I would like to use OpenMP device offload and CUDA in the same program. The code is templated so they need to compile together. I’ve got a simple makefile based reproducer, about 100 lines of code, here : GitHub - burlen/cuda_plus_offload: test code to see if it possible to compile both CUDA kernells and OpenMP device offload in the same program
Depending on pre-processor defines the code can be compiled with CUDA only, OpenMP offload only, or both CUDA and OpenMP offload. I’ve been trying to use nvcc
w/ the host compiler set to nvc++
. These both come from the HPC SDK 2023 version. The CUDA only and OpenMP only cases indivualy work.
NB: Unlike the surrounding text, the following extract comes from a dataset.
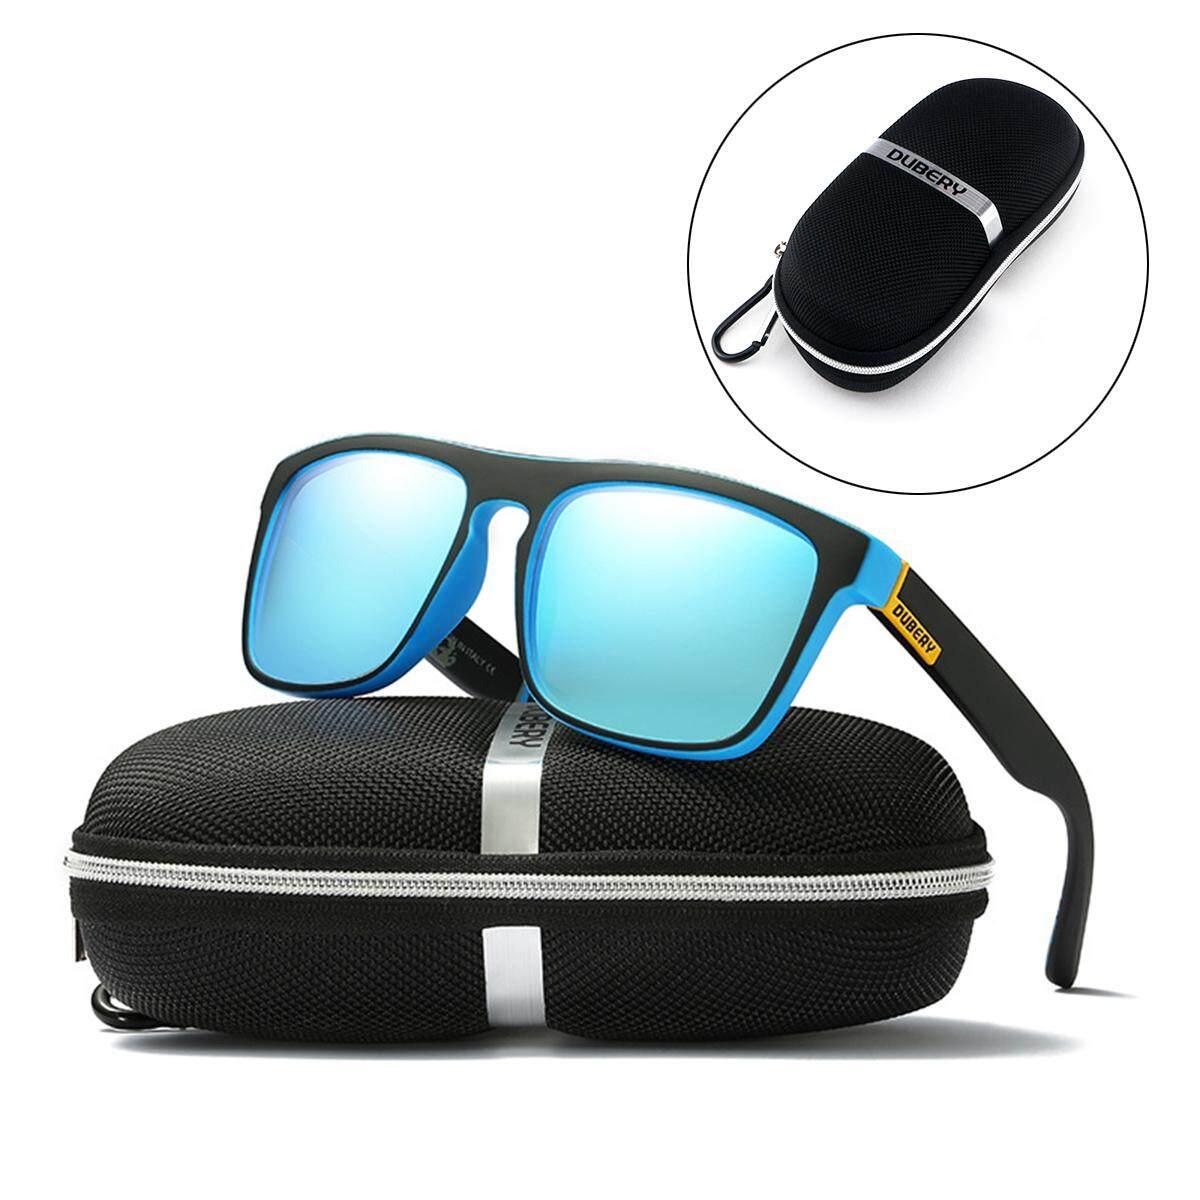 592b34052b6e5 DUBERY Sunglasses Box Glasses Zipper Case Bag Pouch w  Cloth Polarized Test  Card - intl

However, with CUDA and OpenMP together, it compiles but fails to link.
nvcc -g -G --generate-code=arch=compute_75,code=[compute_75,sm_75] -lcuda -lcudart -lcudadevrt -ccbin=`which nvc++` -DCUMP_USE_OPENMP -DCUMP_USE_CUDA -Xcompiler -g,-Mcuda,-mp=gpu,-gpu=cc75,-Minfo=mp,-lcuda,-lcudart,-lcudadevrt,-Mcuda,-pgf90libs -Xlinker -lcuda,-lcudart,-lcudadevrt -x cu main.cpp -o cump_both_nvhpc
void init_omp<float>(float*, unsigned long, float const&):
1, include "stl_construct.h"
33, #omp target teams loop
33, Generating "nvkernel__Z8init_ompIfEvPT_mRKS0__F16399L33_2" GPU kernel
Generating NVIDIA GPU code
35, Loop parallelized across teams, threads(128) /* blockIdx.x threadIdx.x */
33, Generating Multicore code
35, Loop parallelized across threads
/bin/ld: /tmp/tmpxft_00282bd1_00000000-13_cump_both_nvhpc_dlink.o: in function `__cudaRegisterLinkedBinary__NV_MODULE_ID':
/tmp/tmpxft_00282bd1_00000000-7_cump_both_nvhpc_dlink.reg.c:2: undefined reference to `__fatbinwrap__NV_MODULE_ID'
pgacclnk: child process exit status 1: /bin/ld
make: *** [Makefile.nvhpc:12: cump_both_nvhpc] Error 2
Can anyone help on the link options needed?